TASK GOAL: Where an entry below contains an image, skip the image and copy the rest exactly.

** DATA SUPPLIED follows **

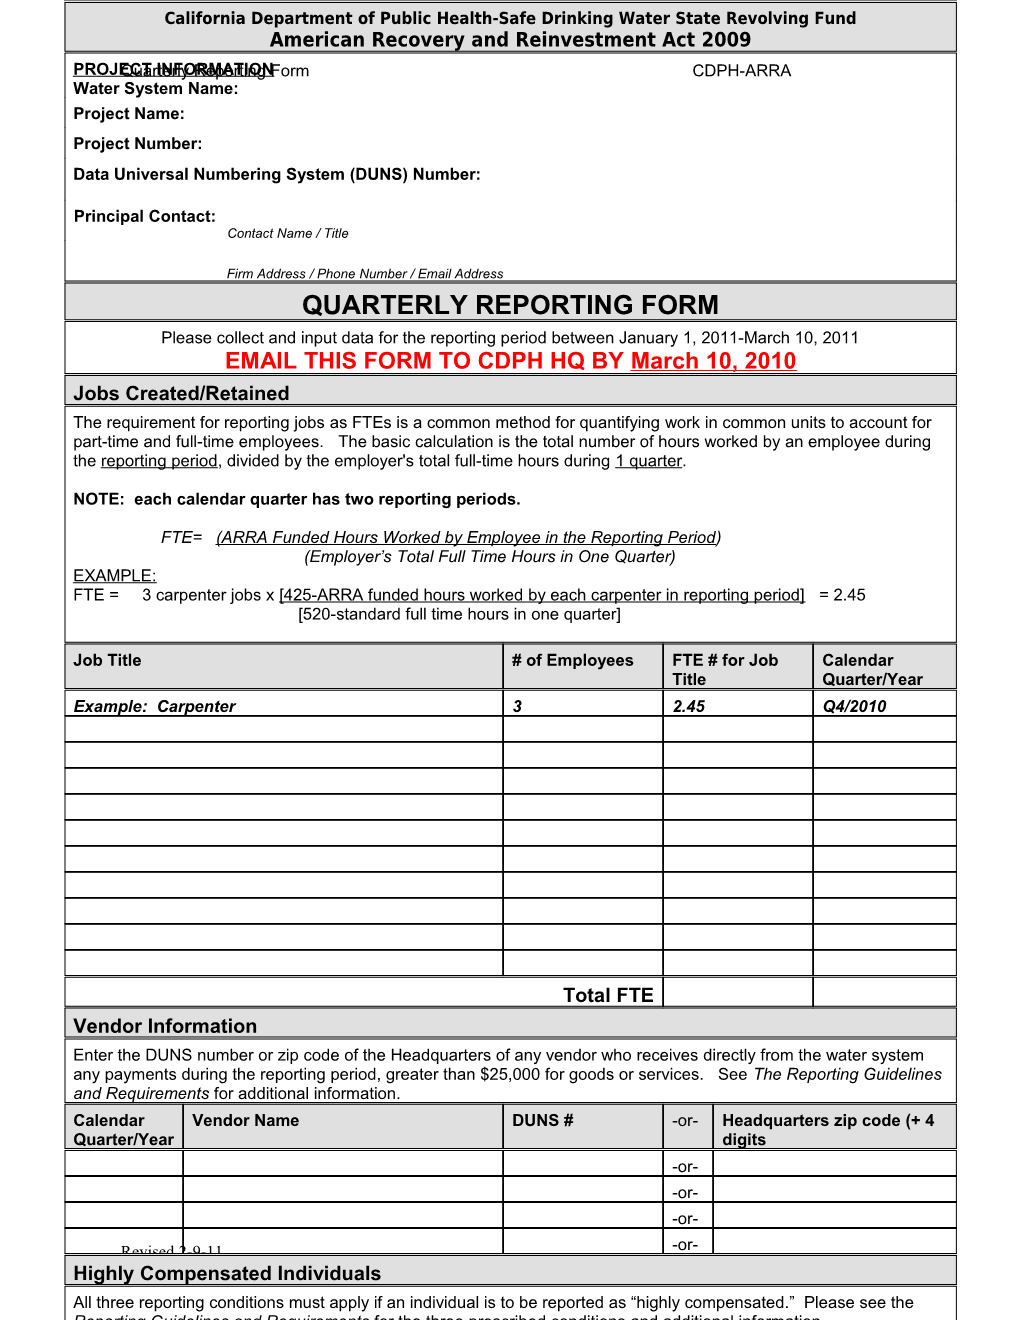 (FINAL) REPORTING-Quarterly Reporting Form REVISED 2-9-11
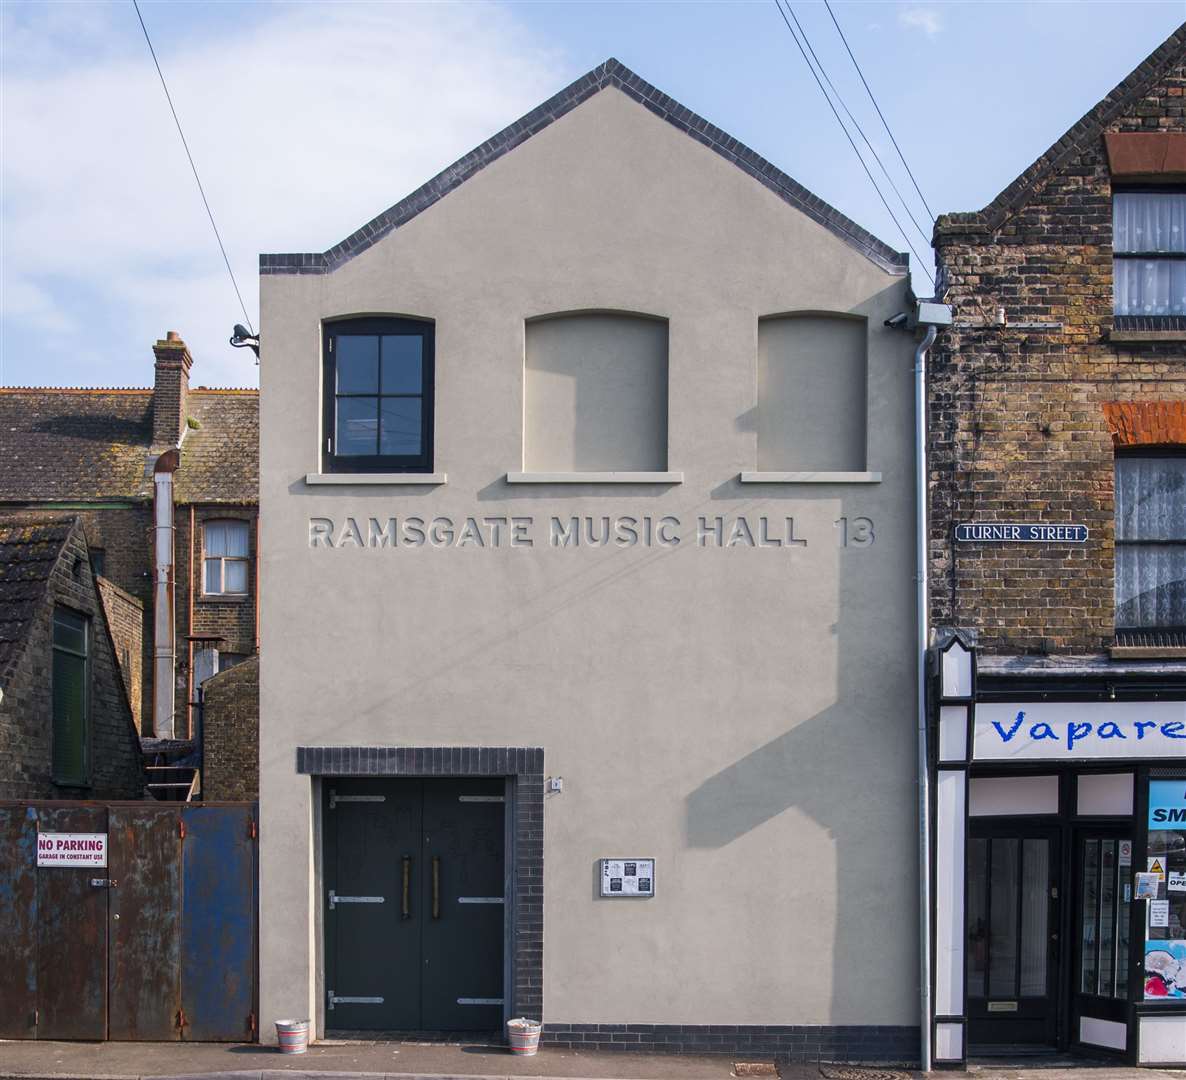 The Ramsgate Music Hall was recently awarded money from the government's Cultural Recovery Fund
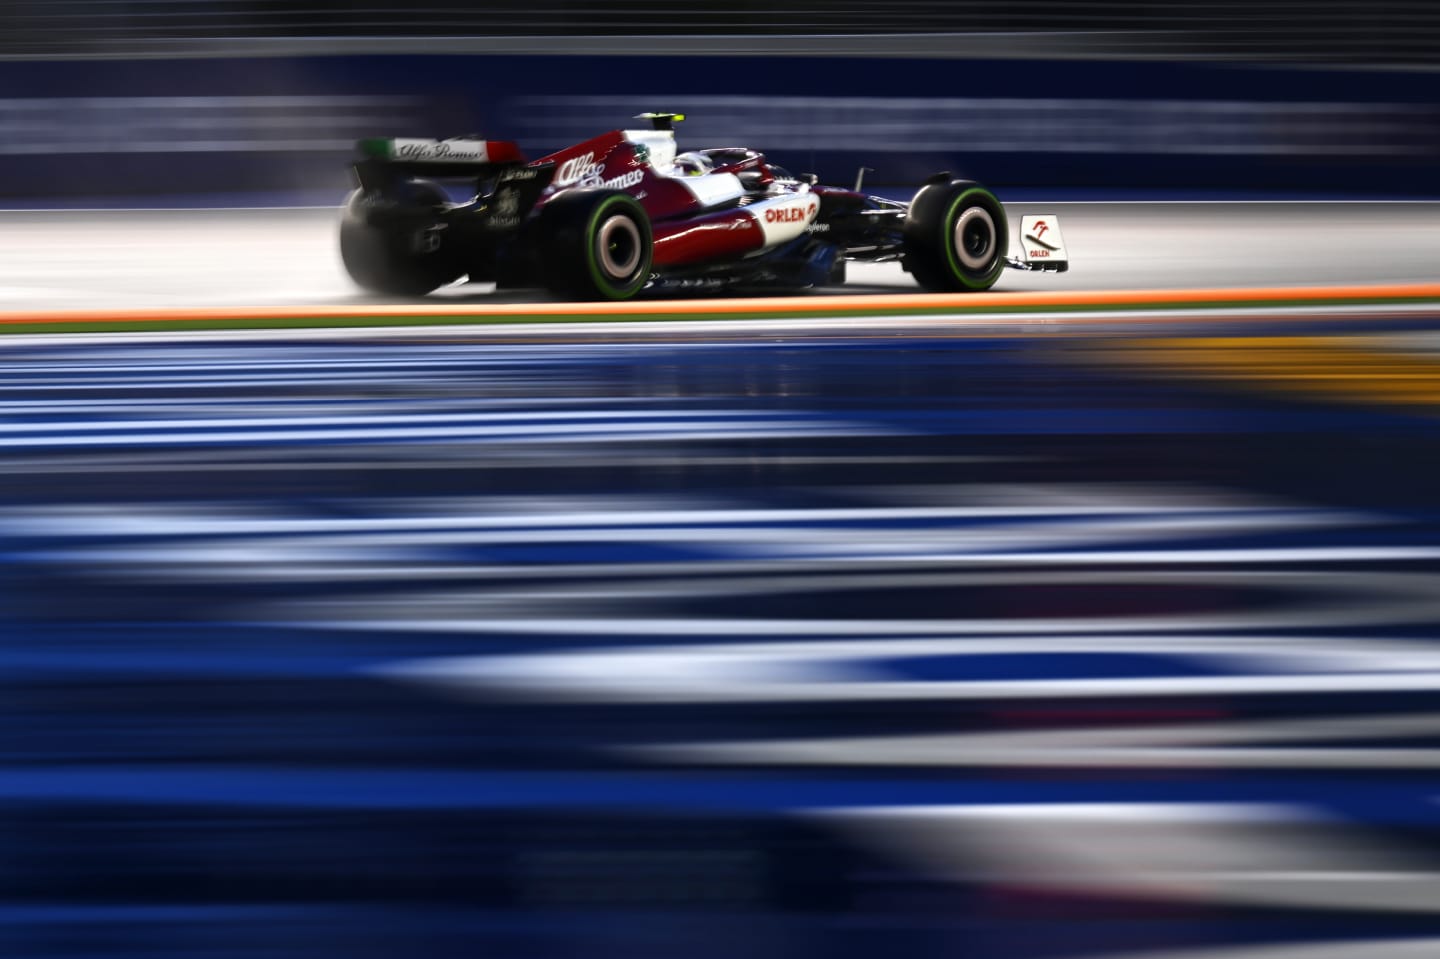 SINGAPORE, SINGAPORE - OCTOBER 01: Zhou Guanyu of China driving the (24) Alfa Romeo F1 C42 Ferrari on track during final practice ahead of the F1 Grand Prix of Singapore at Marina Bay Street Circuit on October 01, 2022 in Singapore, Singapore. (Photo by Clive Mason/Getty Images)
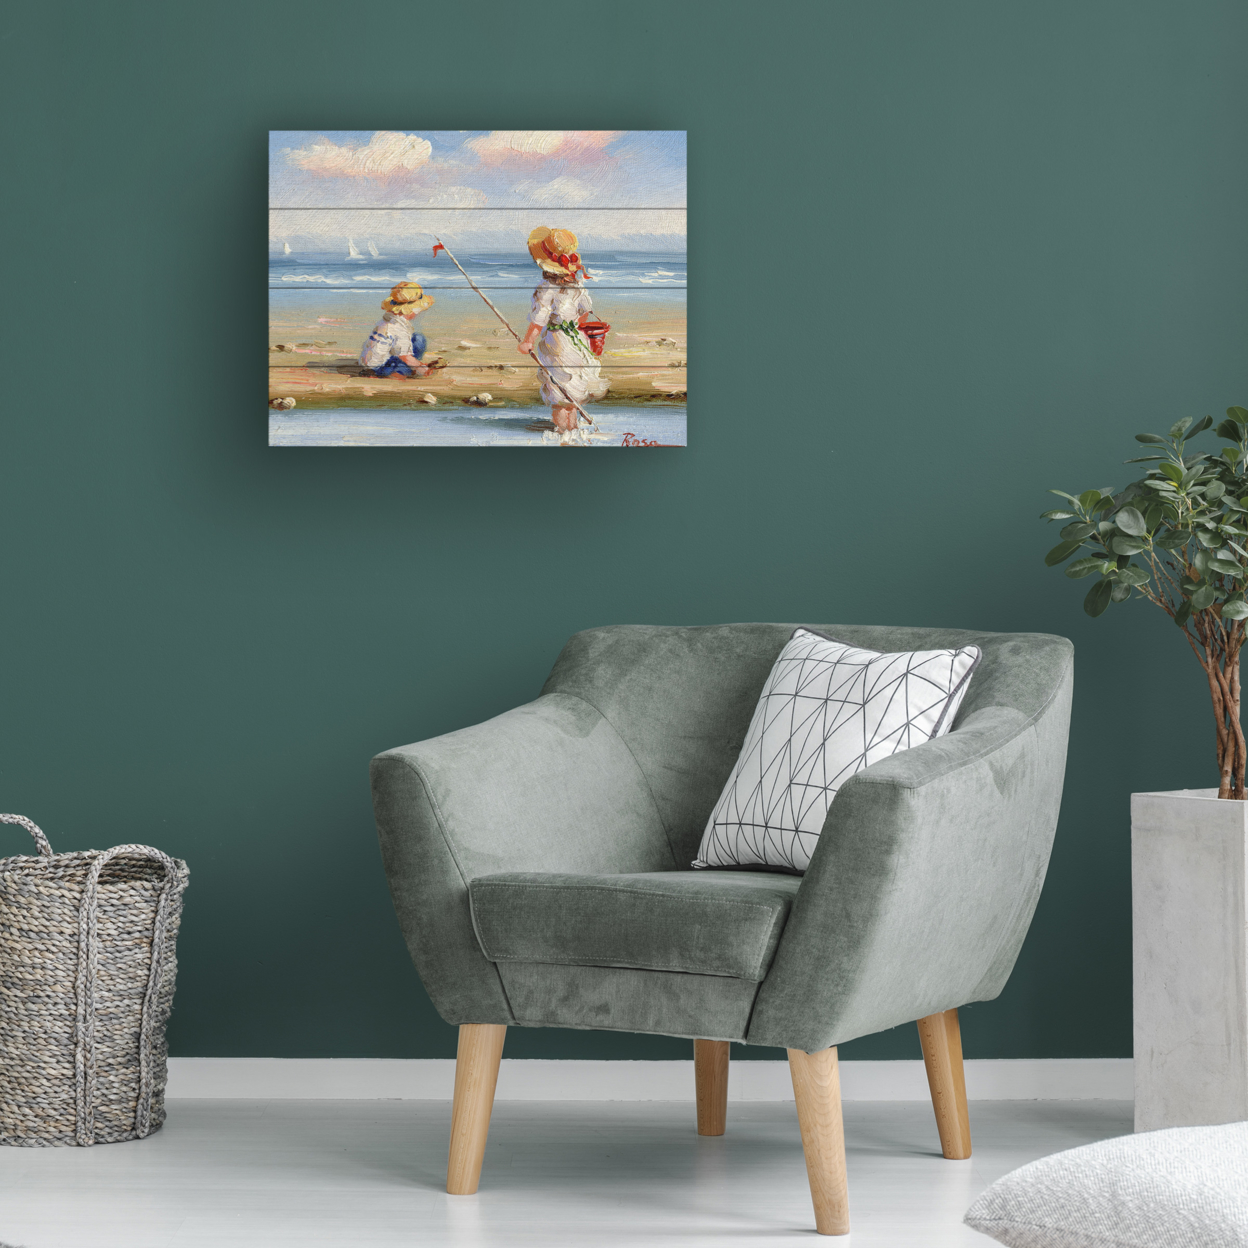 Wall Art 12 X 16 Inches Titled At The Beach III Ready To Hang Printed On Wooden Planks
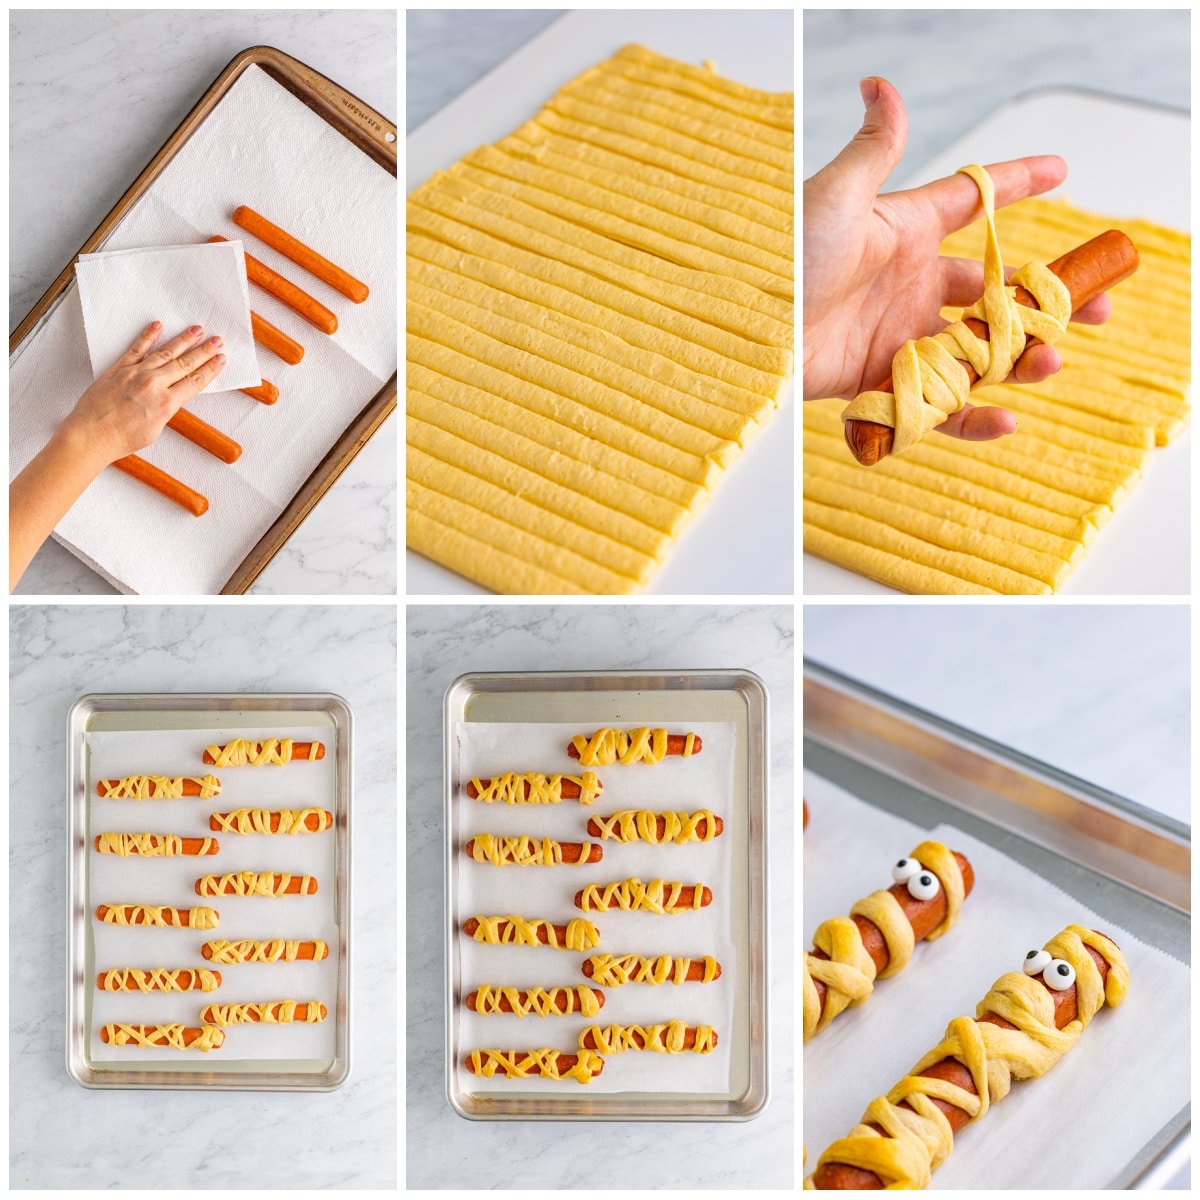 Step by step photos on how to make Mummy Dogs.
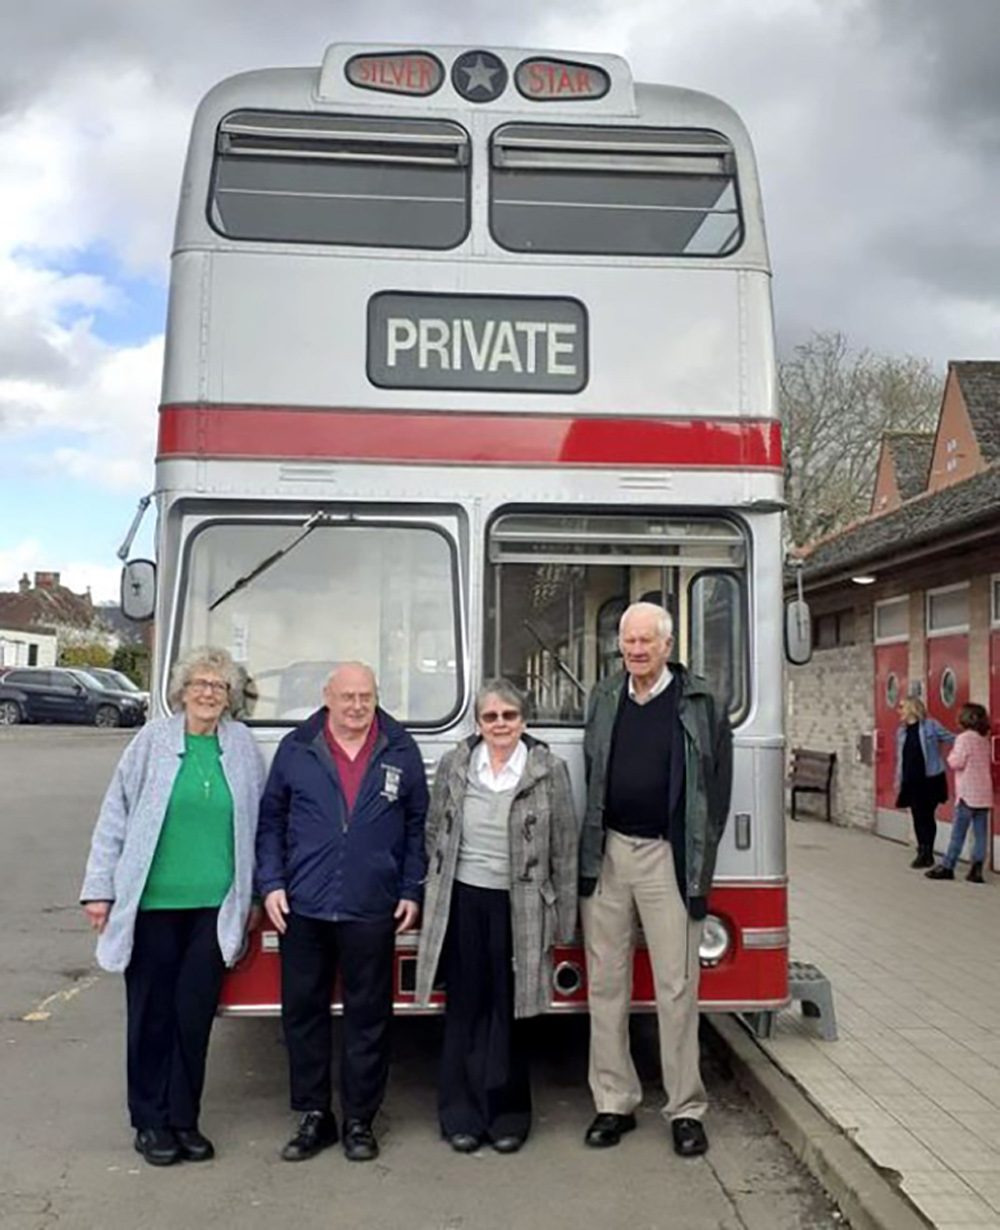 The four remaining members of Silver Star Company staff: (l-r) Mary Dixon, Jack Parsons, who restored the bus shown with his wife, Yvonne Allen and Dave Ashburner

** End of DATA SUPPLIED **

FINISHED EXERCISE:
 (FINAL) REPORTING-Quarterly Reporting Form REVISED 2-9-11
 The Ramsgate Music Hall was recently awarded money from the government's Cultural Recovery Fund
 SINGAPORE, SINGAPORE - OCTOBER 01: Zhou Guanyu of China driving the (24) Alfa Romeo F1 C42 Ferrari on track during final practice ahead of the F1 Grand Prix of Singapore at Marina Bay Street Circuit on October 01, 2022 in Singapore, Singapore. (Photo by Clive Mason/Getty Images)
 Wall Art 12 X 16 Inches Titled At The Beach III Ready To Hang Printed On Wooden Planks
 Step by step photos on how to make Mummy Dogs.
 The four remaining members of Silver Star Company staff: (l-r) Mary Dixon, Jack Parsons, who restored the bus shown with his wife, Yvonne Allen and Dave Ashburner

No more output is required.